International guidelines of genotoxicity are changing very fast. Good Laboratory Practice is mandatory Standard for Laboratories for global acceptance of the work.

More and more CROs are coming in India and work carried out in their laboratories is of international standard.

You are the first Indian scientist who has been recognised and certified by European Society of Toxicology. What is so challenging in getting such recognition?

The last decade witnessed the Herculean task of innovating new drugs by Indian pharma industry in line with global players. Safety assessment of the drugs in laboratory animals is mandatory.

Such toxicity studies are carried out by laboratory certified for GLP is mandatory and evaluated by scientist of DABT or European Registered Toxicologists (ERT) status is desirable.

While the majority of certified toxicologists reside in the USA, approximately six percent of American Board of Toxicology (ABT) diplomats are found in other countries (Canada, Europe, Japan etc).

There are number of benefits of certification of toxicologist to society and to the individual.

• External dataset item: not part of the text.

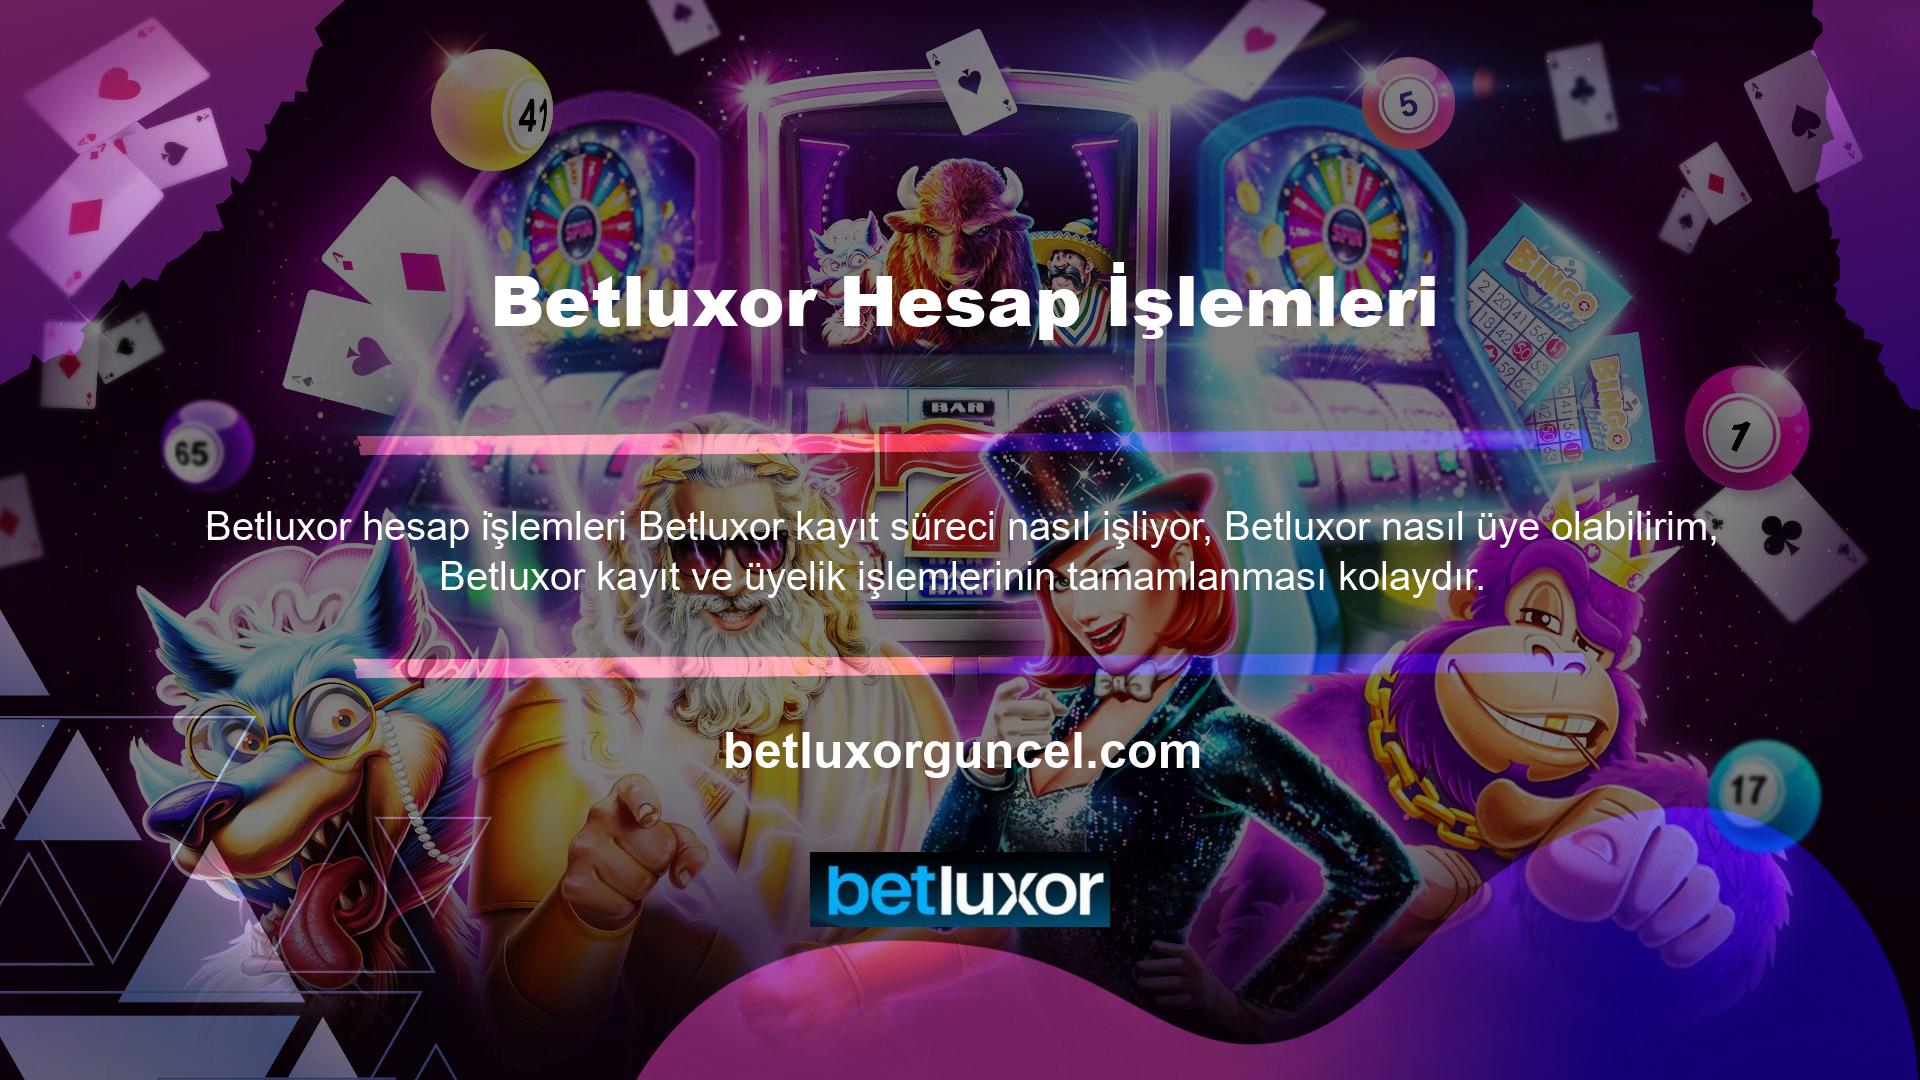 Bu yazımızda üye olmanızı önerdiğimiz birkaç güvenilir platformdan biri olan Betluxor nasıl üye olacağınızı göstereceğiz

The DABT/ERT certification process is recognized worldwide, thus providing consistent international standard of competence and expertise on toxicology issues. Toxicologists certified by US (DABT) and Europe (ERT) can be trusted to be competent globally. Certification enhances credibility in consulting and testimony. DABT/ERT certification is considered as global standard for competence in toxicology.

What do you predict about the future scope of genotoxicity evaluation services in India?

The field of genetic toxicology has had an overall life of about seventy years and has undergone several rebirths during this period. The development of short term assay for genetic toxicology served to identify many mutagens and address the relationship between mutagens and cancer causing agents.

Today, the pharma industry is taking up newer challenges like use of biotechnology derived products and nanotechnology derived products. Apart from new drugs, genotoxicity assessment is also required to be conducted on genetic drugs wherein these are number and/or quantity of impurities in the genetic drugs as compared to the existing drug in market. In such cases, the impurities that show genotoxic potential need to be evaluated individually.

With these challenges, it is important to understand the increasing scope of genetic toxicology in drug safety evaluation. Molecular biologists/ scientists with hands-on experience in genetic toxicology could look at openings in these laboratories.